The three alleles, P535, P550, and P562, were identified from the saki monkey samples, and their exons 3, 4, and 5 and intron 4 were completely sequenced. Previously, we have identified alleles P543, P556, and P562 in the tamarin and alleles P535, P550, and P562 in the capuchin and obtained the exon sequences of these alleles (24). In this study, we sequenced the intron 4 of all these alleles in each of the two species. In addition, we found an additional allele in the capuchin, which is denoted P535c to signify the fact that although it is identical with P535 in exons 3 and 5, its intron 4 and exon 4 appear to have been converted by the sequences of P562 (see below). All of the NW monkey intron 4 sequences, including those from the howler monkey, squirrel monkey, and marmoset, contain an Alu repeat; this repeat is absent in the human red and green pigment genes. The sequences from the capuchin, tamarin, and saki monkey were compared with the published sequences of the squirrel monkey, marmoset, and howler monkey (2, 12), with the sequences of the human red (P562) and green (P530) pigment genes (29), and with the galago X-linked opsin sequence (30).
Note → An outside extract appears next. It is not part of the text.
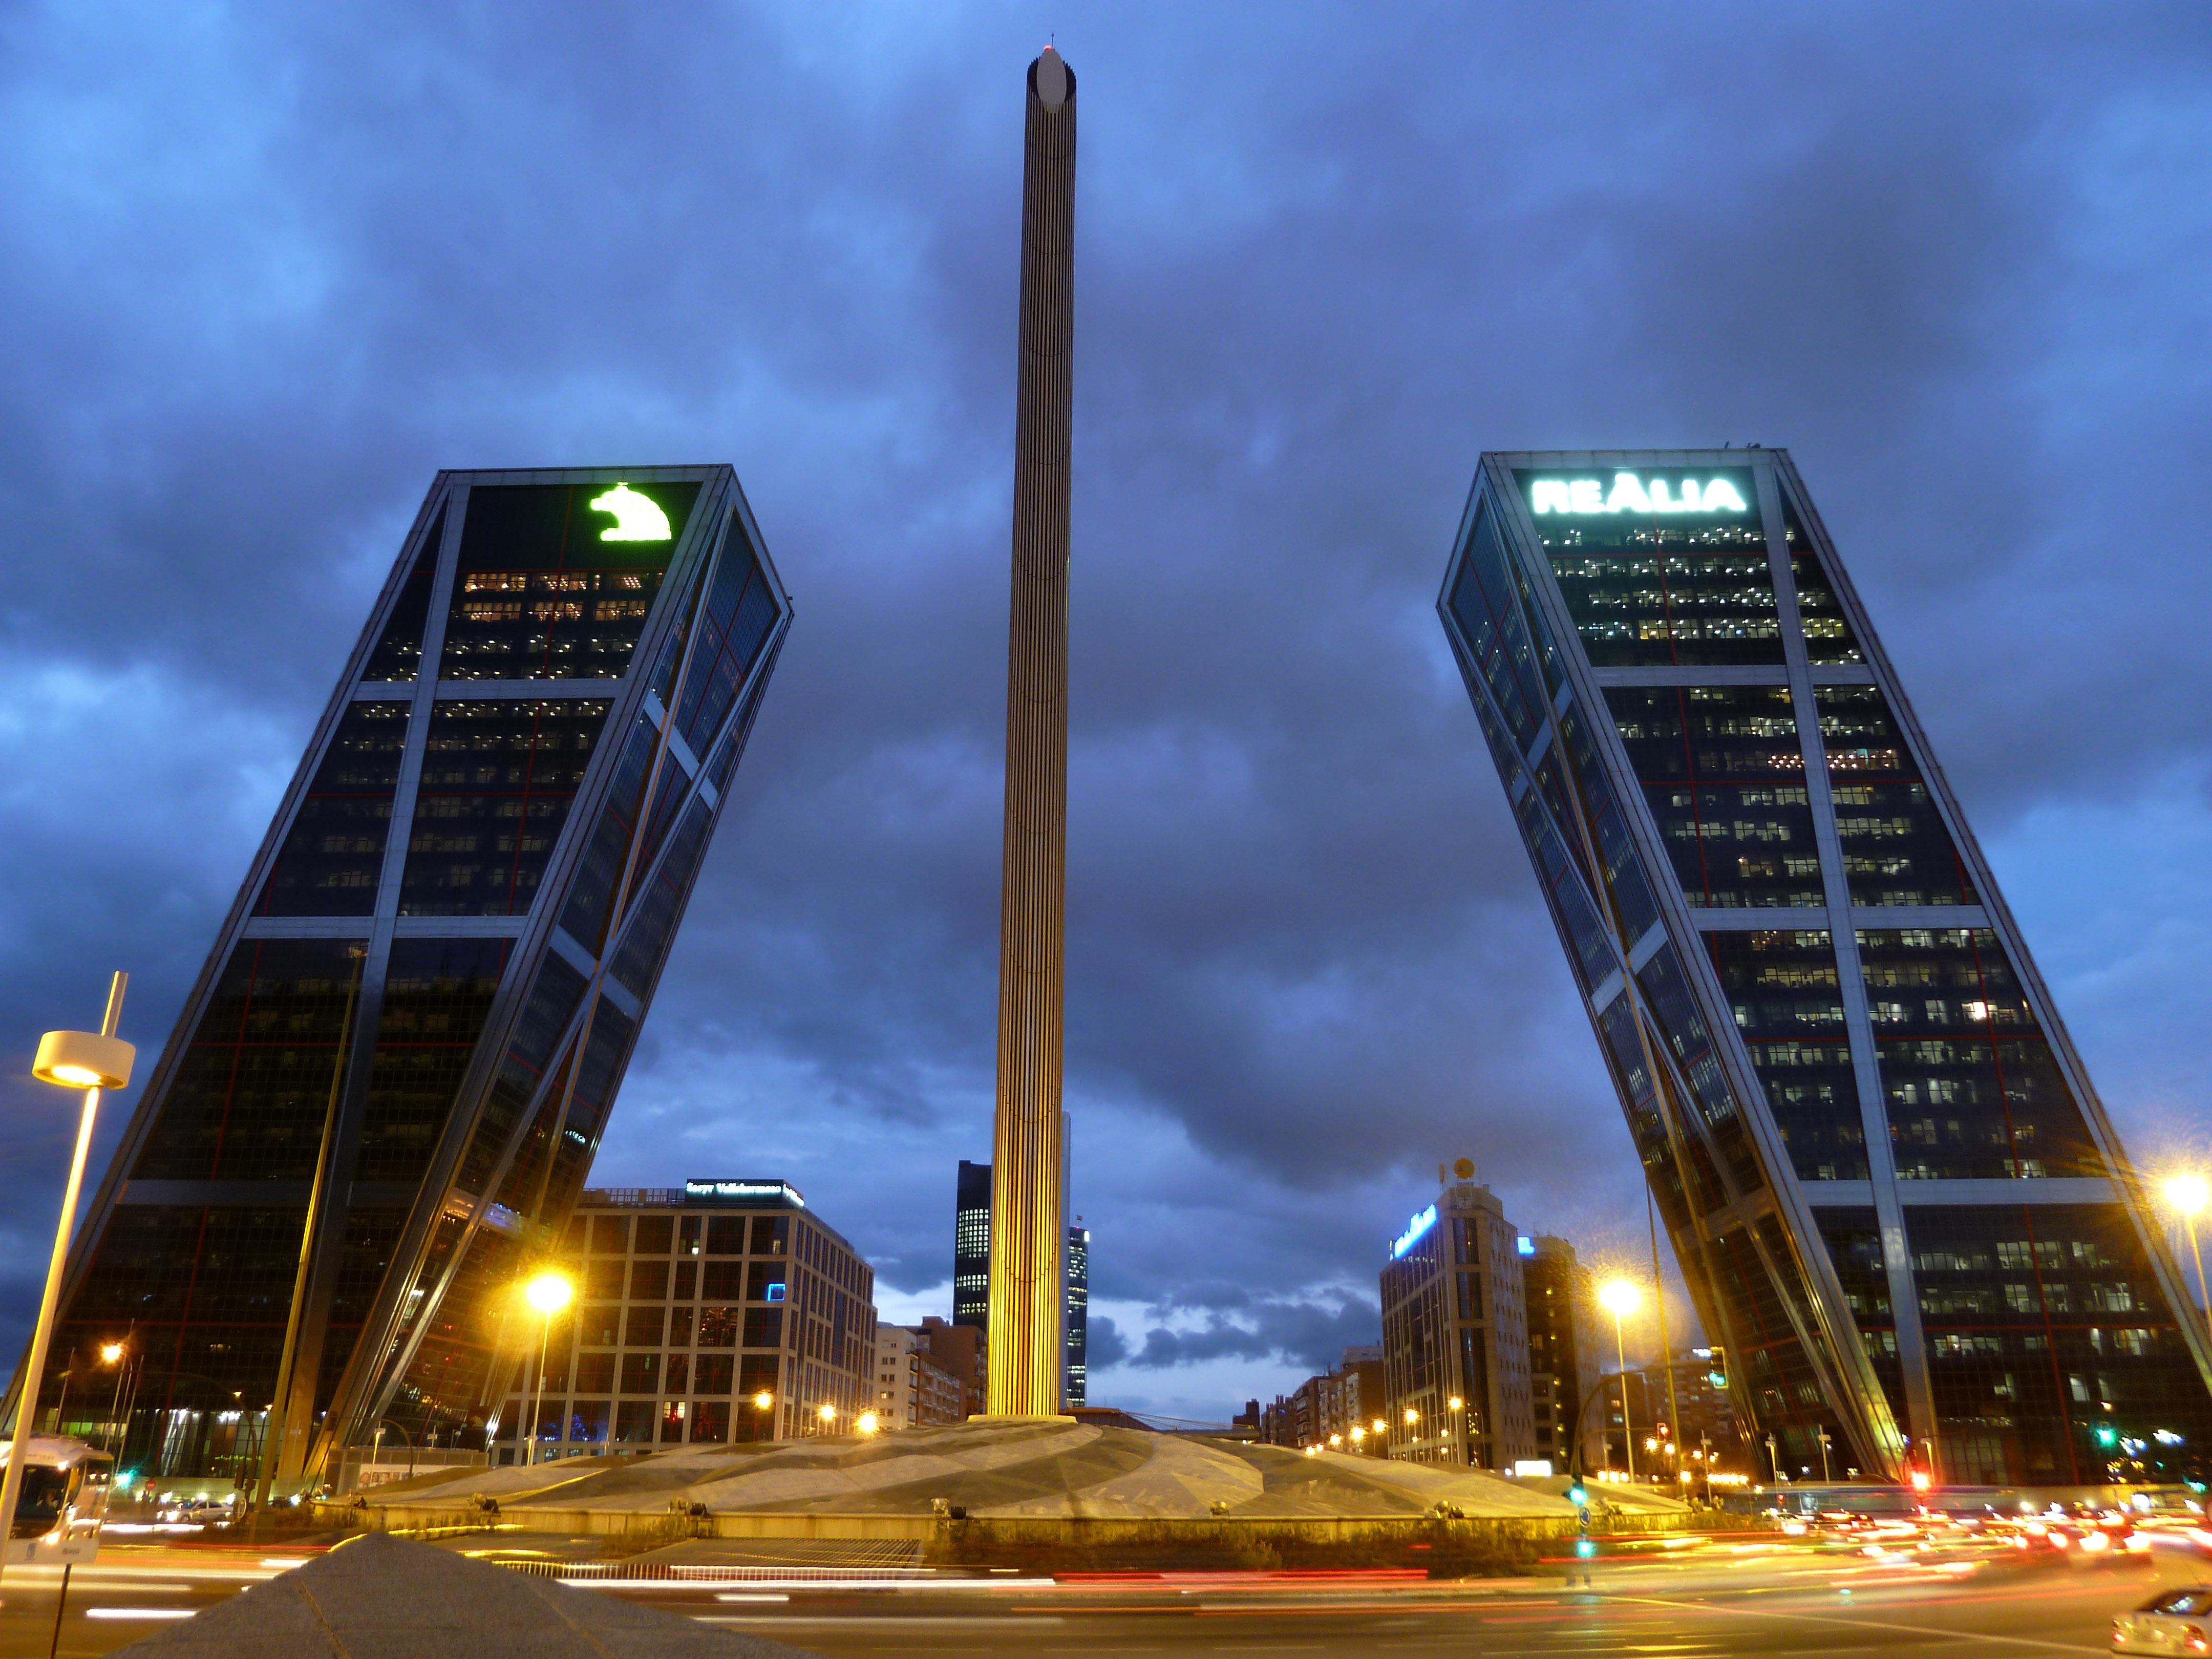 Hotel Europa Centro Palencia Espagne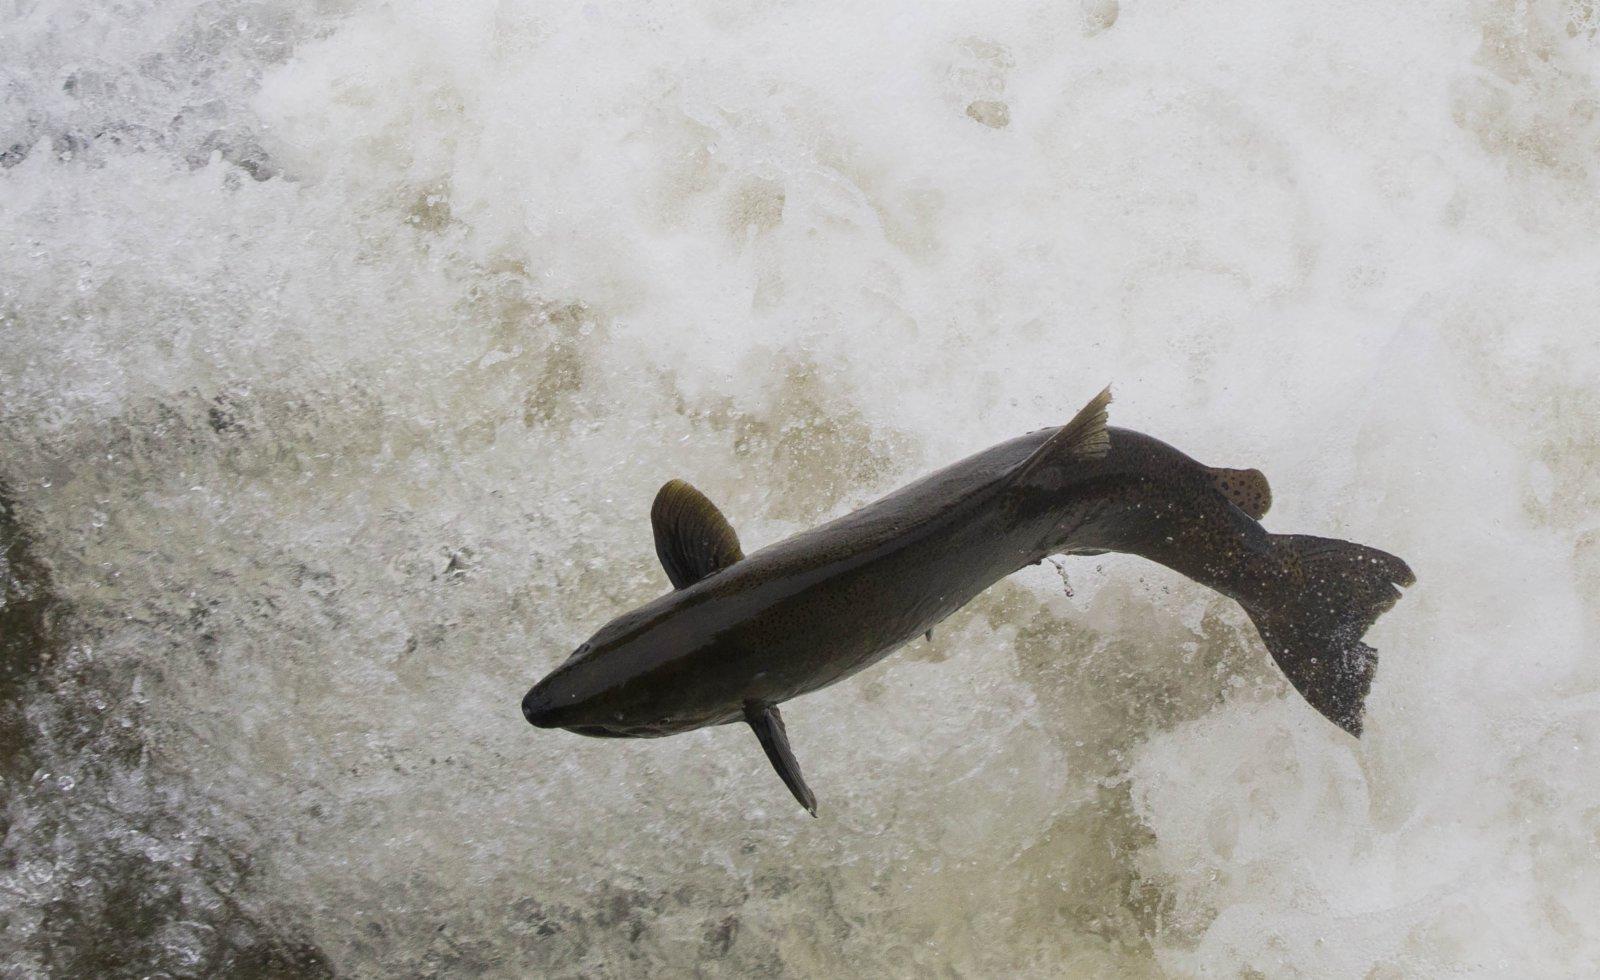 10月6日,在加拿大安大略省霍普港加納拉斯卡河上,一條虹鱒魚躍過魚梯。新華社

The sequences are rather similar among species and have been aligned manually; the alignment is available on request.
Phylogenetic Tree of Intron 4 Sequences.
A phylogenetic tree was inferred from the intron 4 sequences by using the neighbor-joining method (28) (Fig. 1). The branching order for the six NW monkeys is in agreement with the current view that the marmoset–tamarin and squirrel monkey–capuchin clades belong to the same family (Cebidae) and that the saki monkey and howler monkey belong to the other family (Atelidae) (22, 23). When the Alu sequence, which is present in all NW monkey sequences but absent in the two human sequences, is included to infer the phylogeny of the six NW monkey species, the clustering of the saki monkey with the howler monkey and that of the squirrel monkey with the capuchin are both strengthened (the bootstrap values become 94% and 88%). In Fig. 1, the alleles in each species form a monophyletic group supported by a high bootstrap value (100% or 95%). Moreover, for the parsimony analysis of insertions and deletions (indels) (Fig. 1), the monophyly of the alleles in a species is supported by six indels in the marmoset, one indel in the tamarin, five indels in the squirrel monkey, and seven indels in the capuchin. Therefore, both the neighbor-joining tree and the indel analysis strongly support the multiorigin hypothesis; in fact, they imply five independent origins for the triallelic system, one in each species (Fig. 1). Further, Fig. 1 implies that the two duplicate genes in the howler monkey had an origin independent of the triallelic system in the other NW monkeys.
Figure 1.
Neighbor-joining tree derived from an analysis of intron 4 sequences. The distances were computed by using Kimura’s (26) two-parameter method. The number at each node denotes the proportion of 500 bootstrap replicates that supported the subset of sequences. The number in brackets below each branch denotes the number of indels supporting the monophyly of the three alleles in each species. A dashed arrow with a number in brackets denotes the number of indels shared by two alleles. The seven numbers listed vertically at the upper right of the tree refer to the positions of the seven critical amino acid sites. The sequence alignment and the positions and sizes of indels are available on request from W.-H.L.
Evidence of Frequent Gene Conversion.
The clustering of the alleles in each species might be caused by gene conversion, and there is strong evidence supporting this interpretation. First, gene conversion events can be revealed by an analysis of the indels within each species (Fig. 1). For example, in the tamarin, two indels are shared by P543 and P562, four by P562 and P556, and one by P543 and P556. It is highly unlikely that so many indels arose independently in different alleles. Rather, this pattern strongly suggests the transfer of indels between alleles by gene conversion, partially homogenizing allelic sequences.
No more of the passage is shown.